News

Welcome to End Point’s blog

Ongoing observations by End Point people

Temporary tables in SQL query optimization

SQL queries can get complex in a big hurry. If you are querying multiple tables, and in particular if your query involves operations like UNION and INTERSECT, then you can find yourself in a big, messy pile of SQL. Worse, that big pile will often run slowly, sometimes to the point where a web application times out!

I won't inflict a real-world example on you; that would be cruel. So let's look at a "toy" problem, keeping in mind that this won't illustrate any time-savings, just the technique involved.

Here's the original SQL:

SELECT p.* FROM products p
JOIN (SELECT * FROM inventory WHERE /* complex clause here */) i USING (sku)
UNION ALL
SELECT p.* FROM clearance_products p
JOIN (SELECT * FROM inventory WHERE /* complex clause here */) i USING (sku)

Bonus hint: using "UNION ALL" instead of just "UNION" will allow the query processor to skip an unnecessary step here. "UNION ALL" says you know the rows on either side of the clause are unique. "UNION" means the results will be post-processed to remove duplicates. This might save you more than a smidgen of time, depending on how large the two sub-queries get.

Now, many times the query optimizer will just do the right thing here. But sometimes (cough, cough-MySQL), your database isn't quite up to the task. So you have to shoulder the burden and help out. That's where we can apply a temporary table.

Temporary tables are created for the length of the database session; that's different than a transaction. For a web application, that's usually (not always) the length of the request (i.e., from the time your web application opens a database connection, until it explicitly closes it, or until it returns control to the web server, usually by passing it a completed page). For a script, it's a similar duration, e.g. until the script exits.

CREATE TEMPORARY TABLE cross_inventory AS
SELECT * FROM inventory WHERE /* complex clause here */;

CREATE INDEX cross_inv_sku ON cross_inventory(sku);
There's no significant difference for our purposes between a "permanent" and a "temporary" table. However, you do have to keep in mind that these tables are created without indexes, so if your goal is to improve the speed of queries involving the data here, adding an index after creating the table is usually desirable.

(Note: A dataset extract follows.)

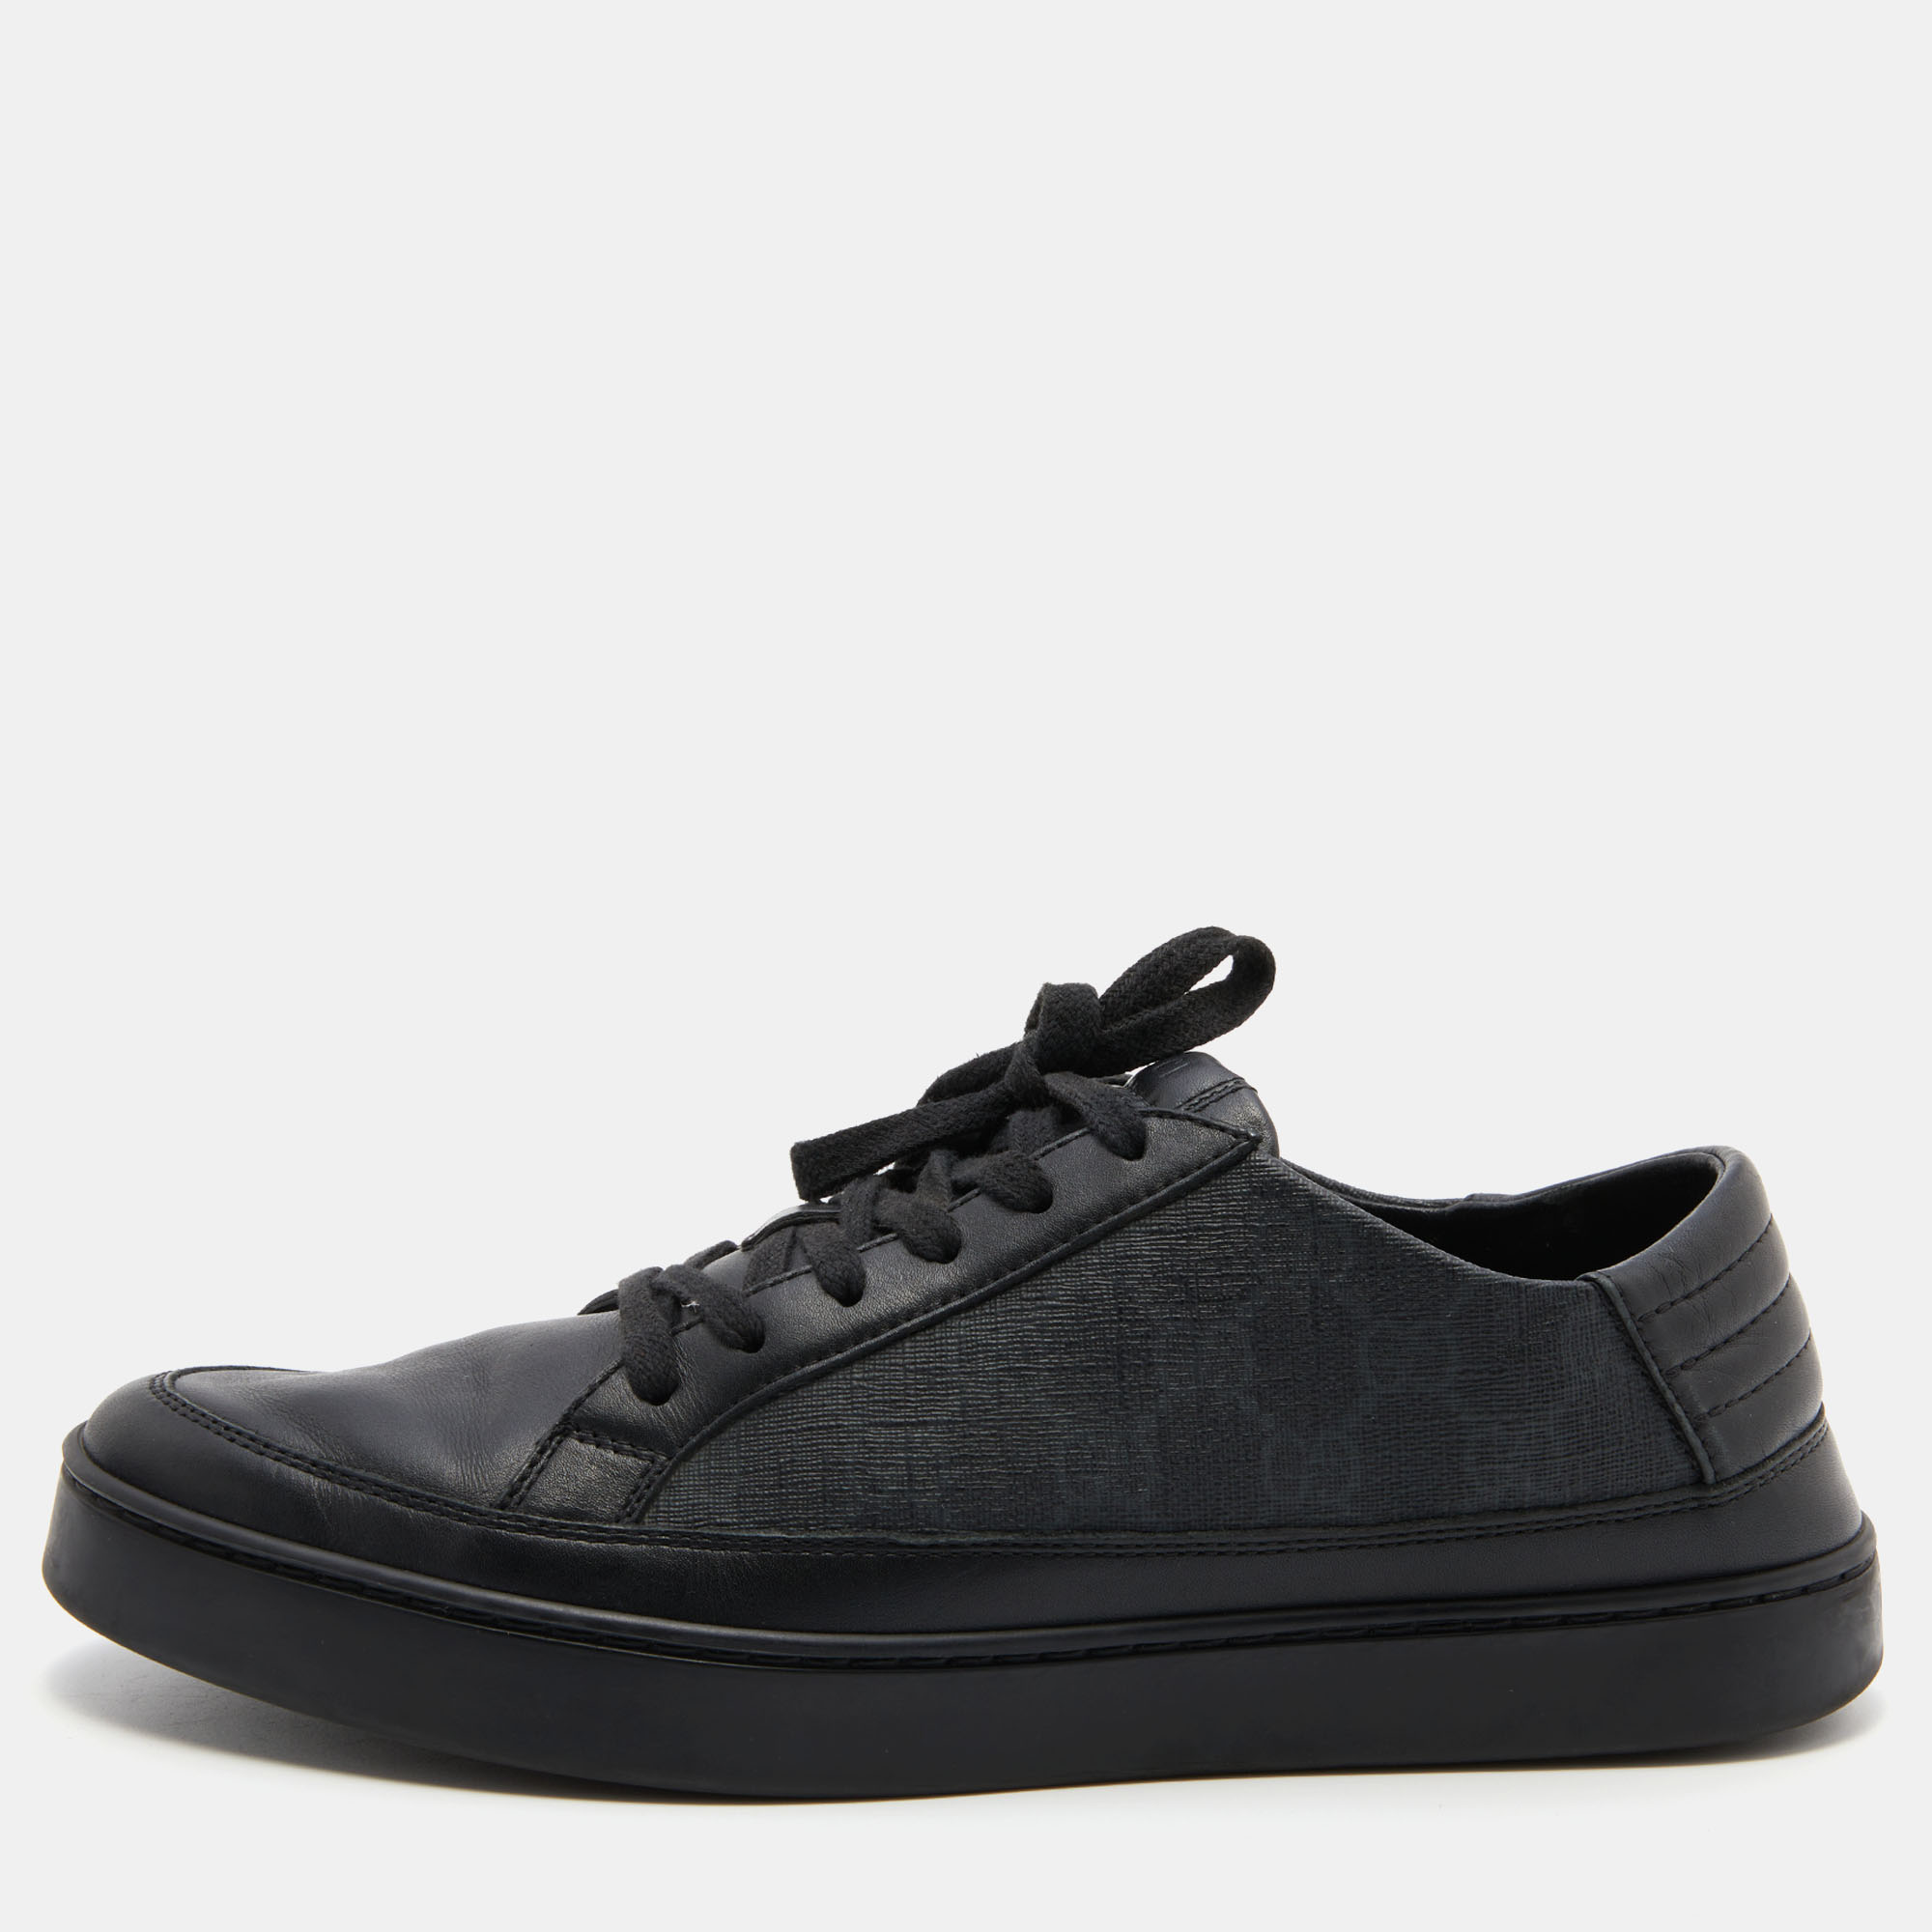 Gucci Black GG Supreme Canvas And Leather Low Top Sneakers Size 42

With all this in place, now we can:

SELECT p.* FROM products p
JOIN cross_inventory i USING (sku)
UNION
SELECT p.* FROM clearance_products p
JOIN cross_inventory i USING (sku)

Sometimes your temporary table will be built up not by a straightforward "CREATE ... AS SELECT ...", but by your application:

CREATE TEMPORARY TABLE tmp_inventory AS SELECT * FROM inventory WHERE false;
CREATE INDEX tmp_inv_sku ON tmp_inventory(sku);

And then within the application:

# Pseudocode
while (more_data) {
  row = build_inv_record(more_data);
  sql_do('INSERT INTO tmp_inventory VALUES (?,?,...)', row);
}

Here, we are creating an empty "inventory" table template as a temporary table ("SELECT * FROM inventory WHERE false"), then adding rows to it from the application, and finally running our query. Note that in a practical application of this, it's not likely to be a lot faster, because the individual INSERT statements will take time. But this approach may have some utility where the existing "inventory" table doesn't have the data we want to JOIN against, or has the data, but not in a way we can easily filter.

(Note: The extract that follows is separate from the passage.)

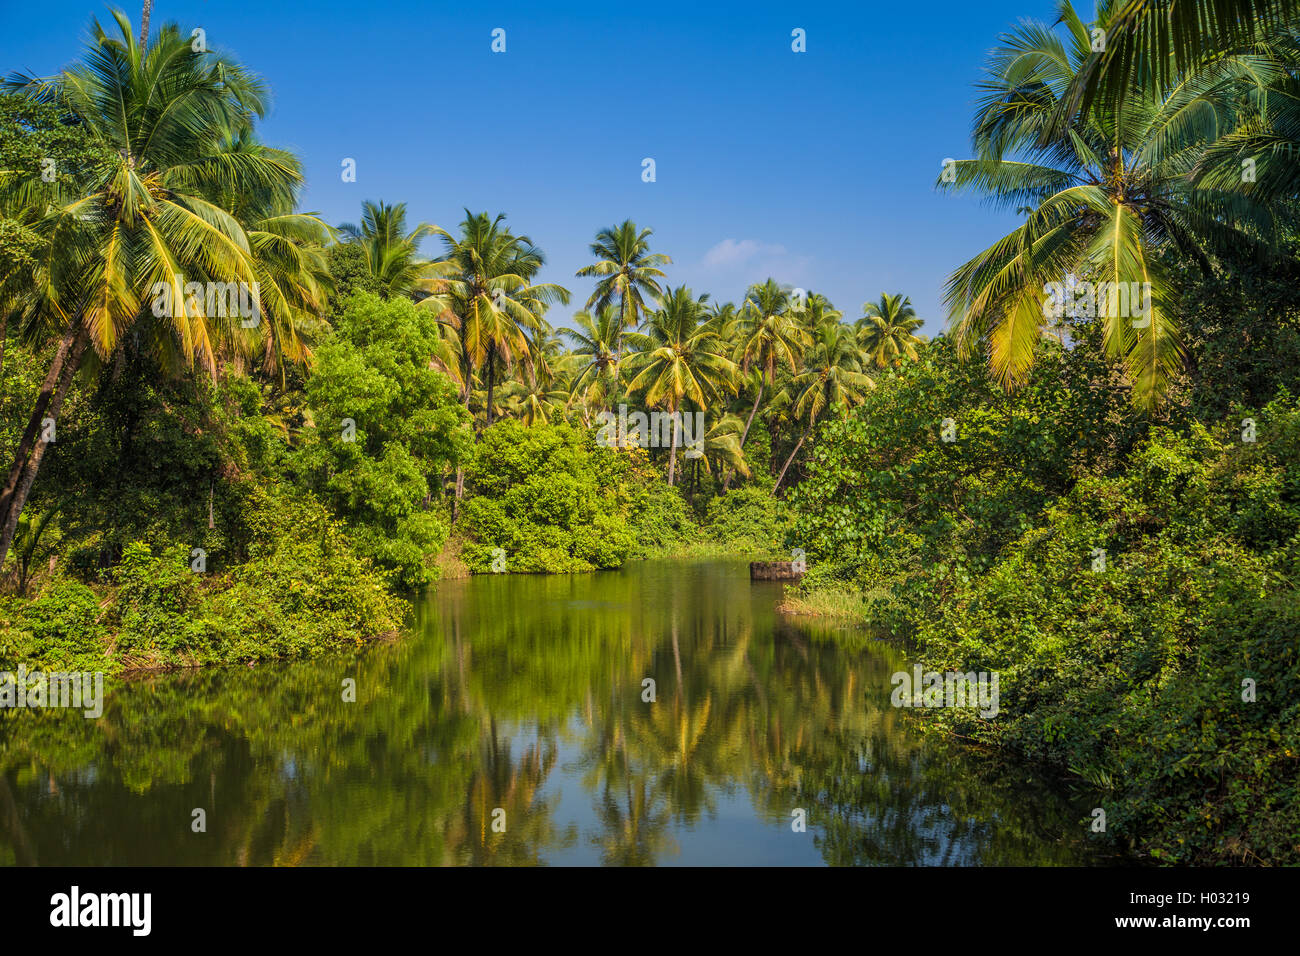 Beautiful tropical palm tree forest along river, Goa, India. Stock Photo

I've used temporary tables (in a MySQL/Interchange/Perl environment) to speed up a query by a factor of two or more. It's usually in those cases where you have a complex JOIN that appears in two or more parts of the query (again, usually a UNION). I've even had big-win situations where the same temporary table was used in two different queries during the same session.

A similar approach is the Common Table Expression (CTE) found in PostgreSQL starting with version 8.4. This allows you to identify the rows you would be pouring into your temporary table as a named result-set, then reference it in your query. Our "toy" example would become:

WITH cross_inventory AS
(SELECT * FROM inventory WHERE /* complex clause here */)
SELECT p.* FROM products p
JOIN cross_inventory i USING (sku)
UNION
SELECT p.* FROM clearance_products p
JOIN cross_inventory i USING (sku)

I've not had an opportunity to use CTEs yet, and of course they aren't available in MySQL, so the temporary-table technique will still have a lot of value for me in the foreseeable future.

1 comment:

Steve Childs said...

What version of mySQL did you do this on - it appears to be a mySQL limitation that you can't reference a temporary table twice, your UNION query as above won't work.

eg: http://dev.mysql.com/doc/refman/5.7/en/temporary-table-problems.html
https://bugs.mysql.com/bug.php?id=10327